No matter the weapons suite and configuration, you have to have your "Woke" elan, and the ever present (but unseen here) continuous contractor support if you want to keep any stripe of LCS operational for more than a day or two.
https://x.com/SurfaceWarriors/status/1953873638131654894
Certain that is still the case? They were to keep growing the crew.
Thought they didnt have the hotel services to do so.
Any current LCS's ever get past 32 knots these days?
Seems Naval Surface Forces is still very much pushing DEI Woke principles.
One of my favorite ships too.
Very minor point; she had six 105mm AAA guns, not six 150mm.
Where are the rust streaks?
That eagle would have been imposing over the fireplace in the Salamander lair. Visualize giant leather chairs arranged in a circle where nautical mayhem could be discussed in a civilized manner with whiskey in crystal. That said…I am amazed at how often the knowledgeable members of the Porch harken back to the many successful WWII designs as basis for today’s missions and the obvious lack of effective historic reference among our Admirals. They need to attend a gathering at the lair.
The little museum in Montevideo is a must visit...

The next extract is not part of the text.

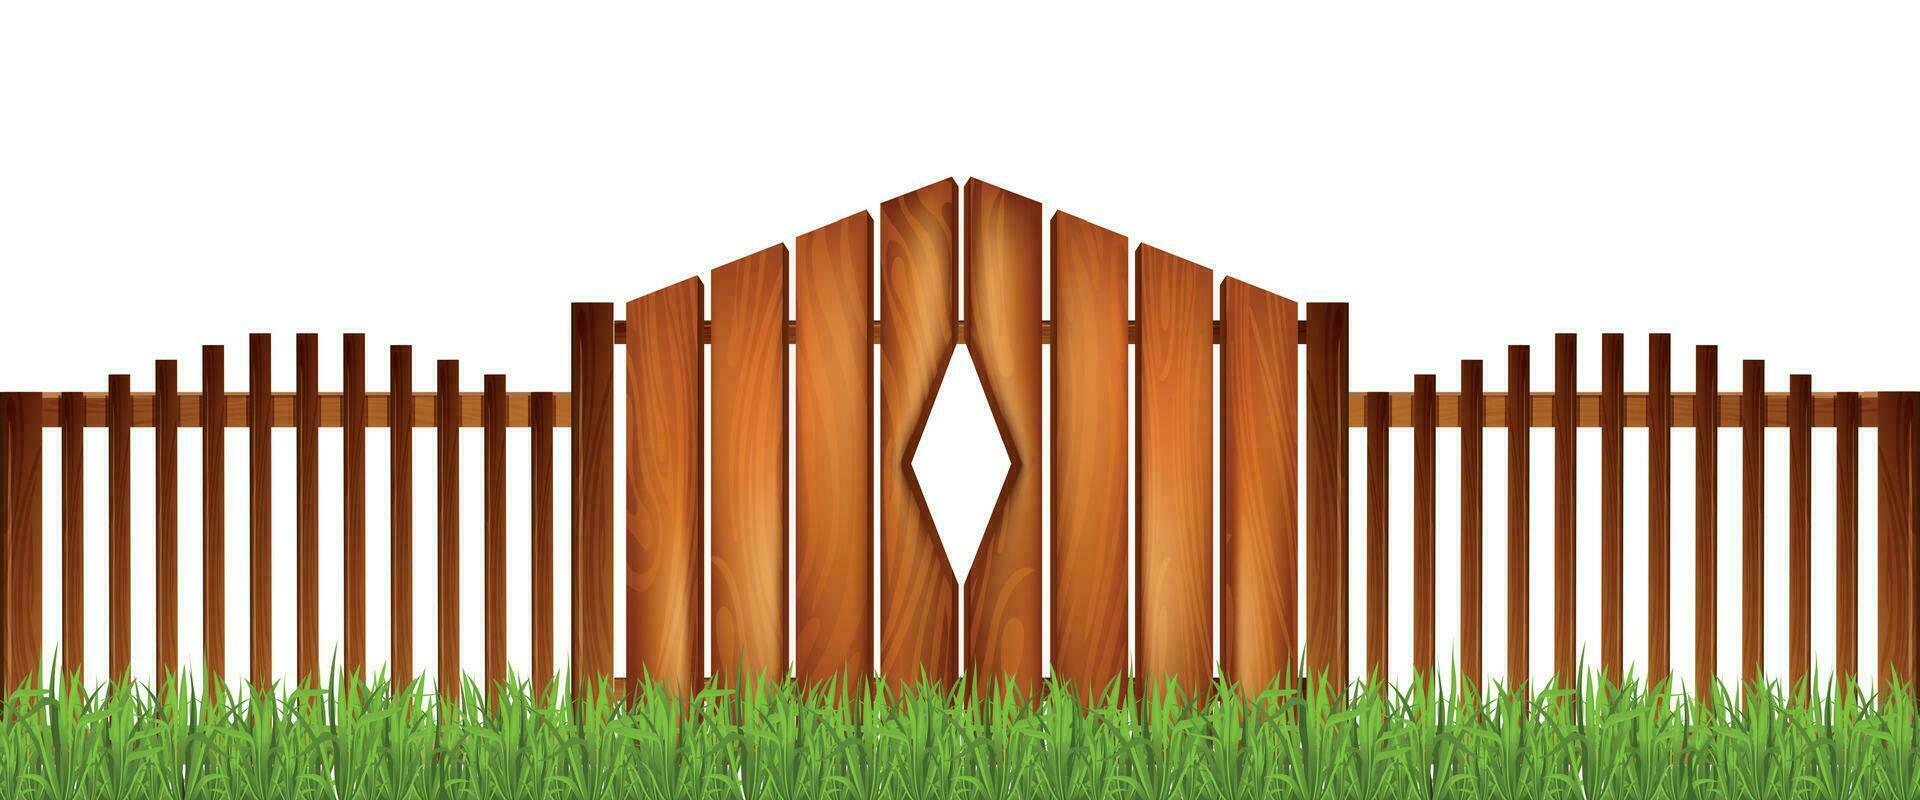 houten hek realistisch samenstelling vector

https://youtu.be/k5U6i-RHHSM?si=CH60iRoyuOkJwbnF
As is the difficult to find cemetery plot for the Graf Spee's dead in Buenos Aires...
https://www.maritimequest.com/warship_directory/germany/pages/cruisers/admiral_graf_spee_german_cemetery_july_2007_pg_1.htm
The feeling I had when I visited there was, that if I had been around when we were enemies, I would've done my utmost best to put them where they are.
That said, they are also owed the respect they were due.
The thing that struck me about this engagement when I first read of it, and still strikes me, is the general ineffectiveness of naval gunfire against other ships.
Maybe far more effective against modern thin hulls, aluminum superstructures and "mission kills" handily replacing sinkings, Tim.
Jar the elements in the phased array...cause an interior flood from the chill water system...poke a hole in a wave guide....all of which has happened on the Burkes...
And you have a solid Mission Kill these days.